◆ Exercise prompt
Please repeat the listing below exactly, but do not include its pictures.

◆ Information shown

━━━━━━━━

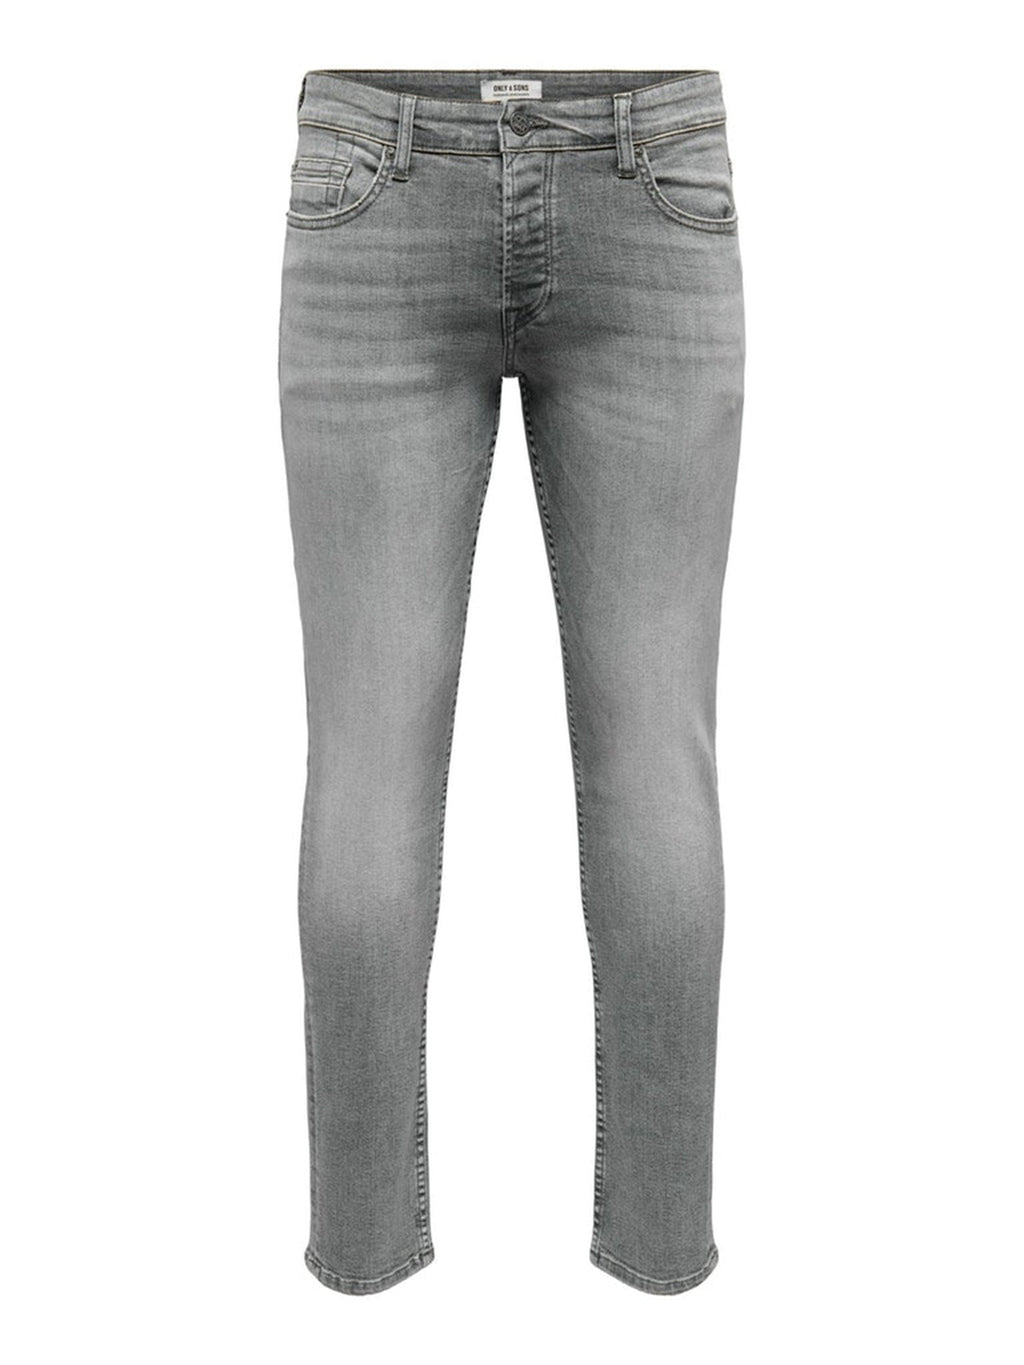 Webstuhl schlanke graue Jeans - grau
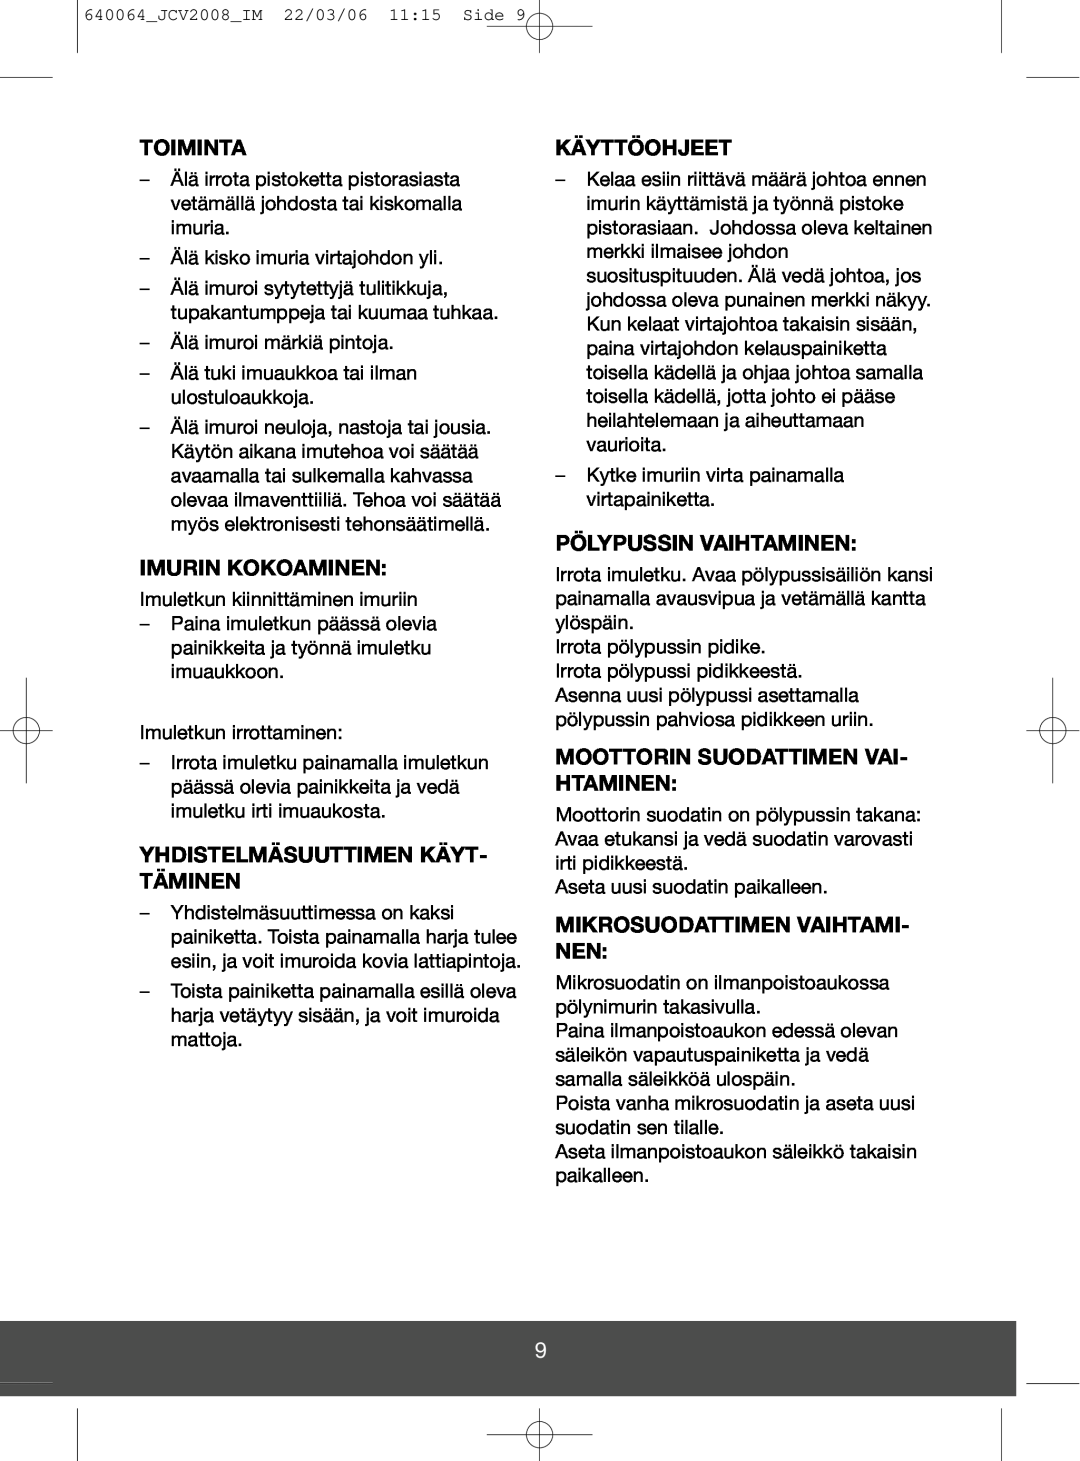 Melissa 640-123 manual Toiminta, Imurin Kokoaminen, Yhdistelmäsuuttimen Käyt- Täminen, Käyttöohjeet, Pölypussin Vaihtaminen 
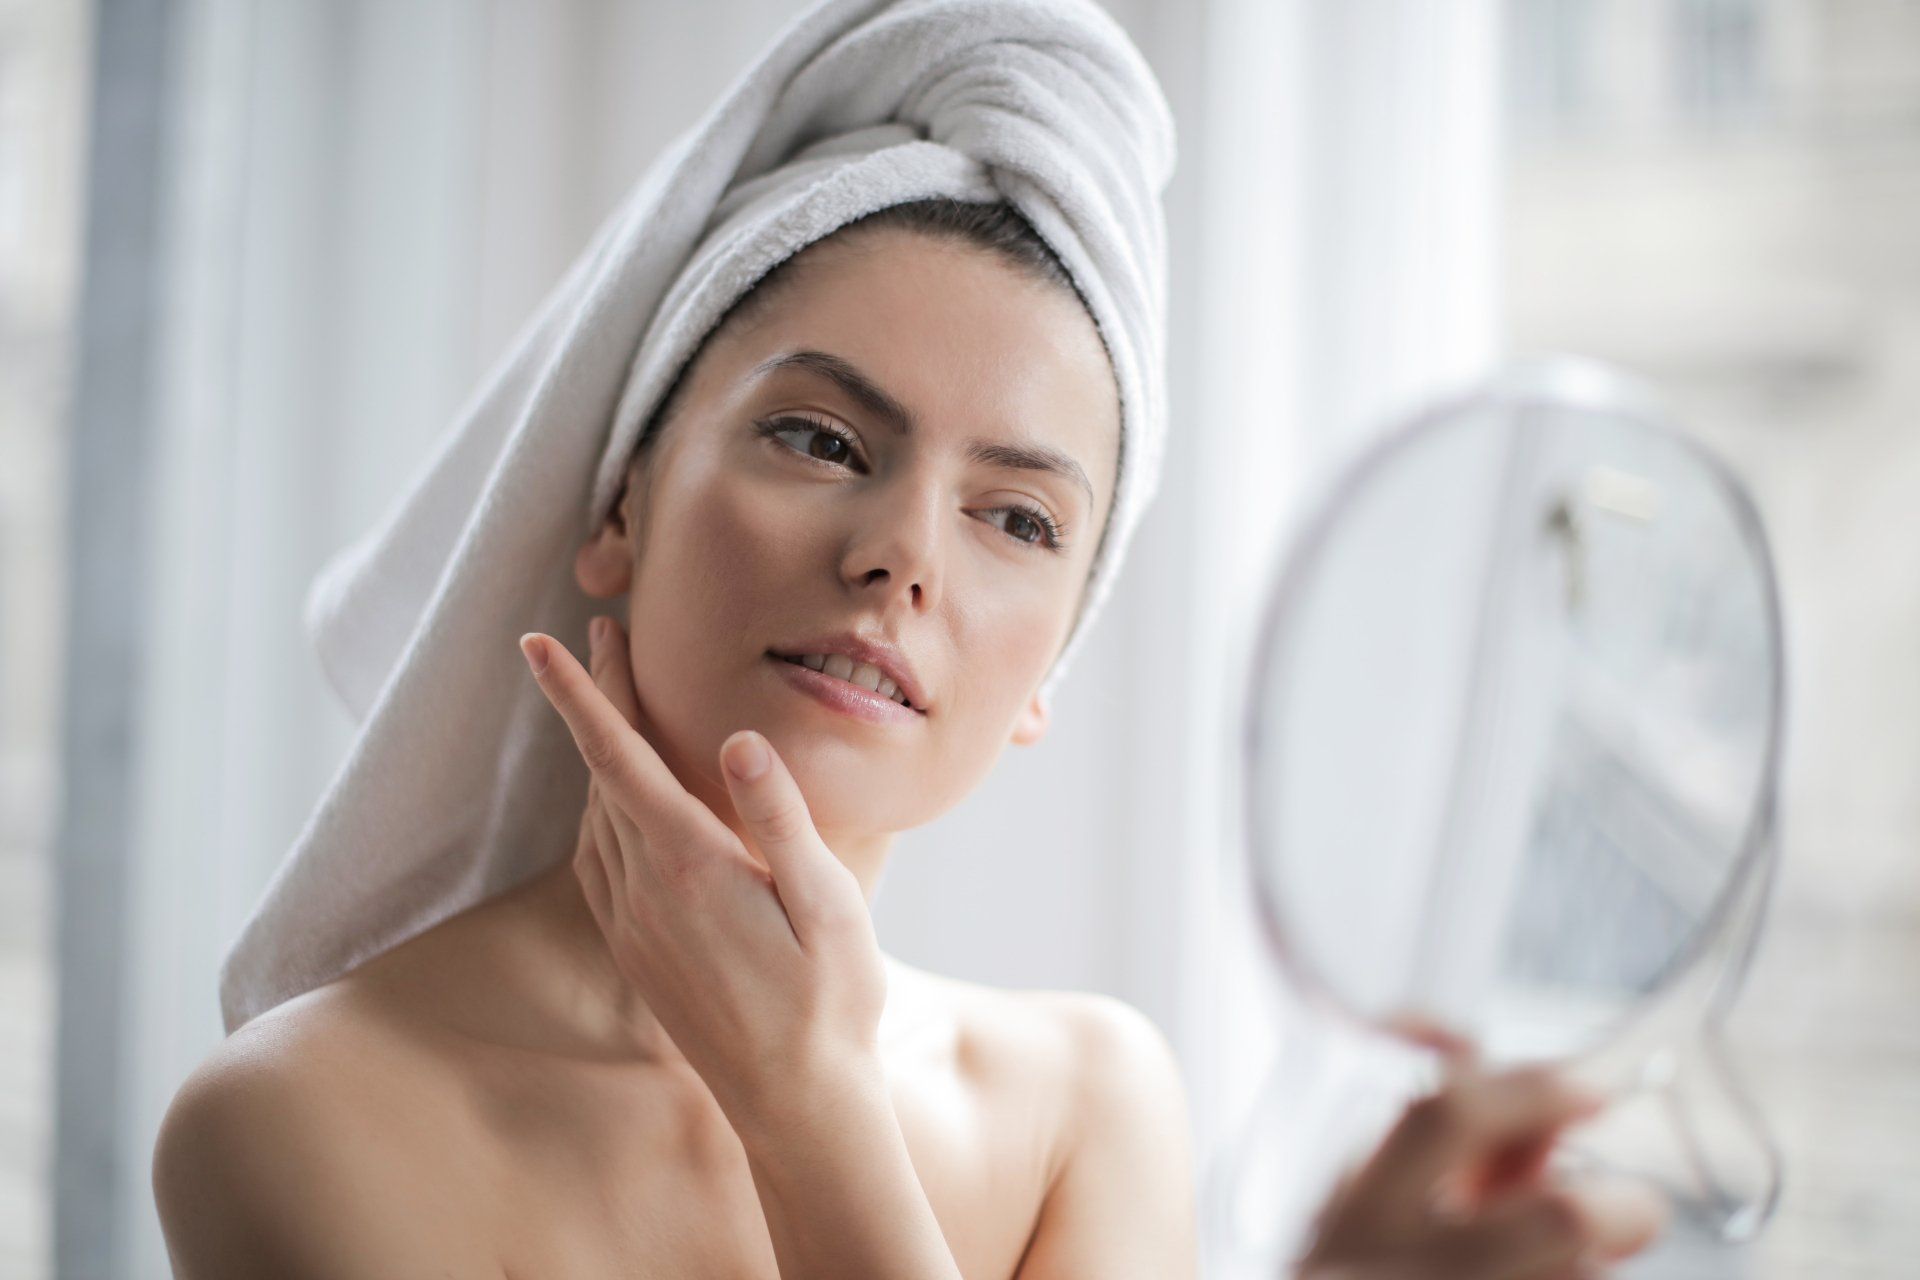 Una donna con un asciugamano avvolto intorno alla testa si guarda il viso allo specchio.

━━━━━━━━

◆ Response for this exercise
 Webstuhl schlanke graue Jeans - grau
 Melissa 640-123 manual Toiminta, Imurin Kokoaminen, Yhdistelmäsuuttimen Käyt- Täminen, Käyttöohjeet, Pölypussin Vaihtaminen 
 Una donna con un asciugamano avvolto intorno alla testa si guarda il viso allo specchio.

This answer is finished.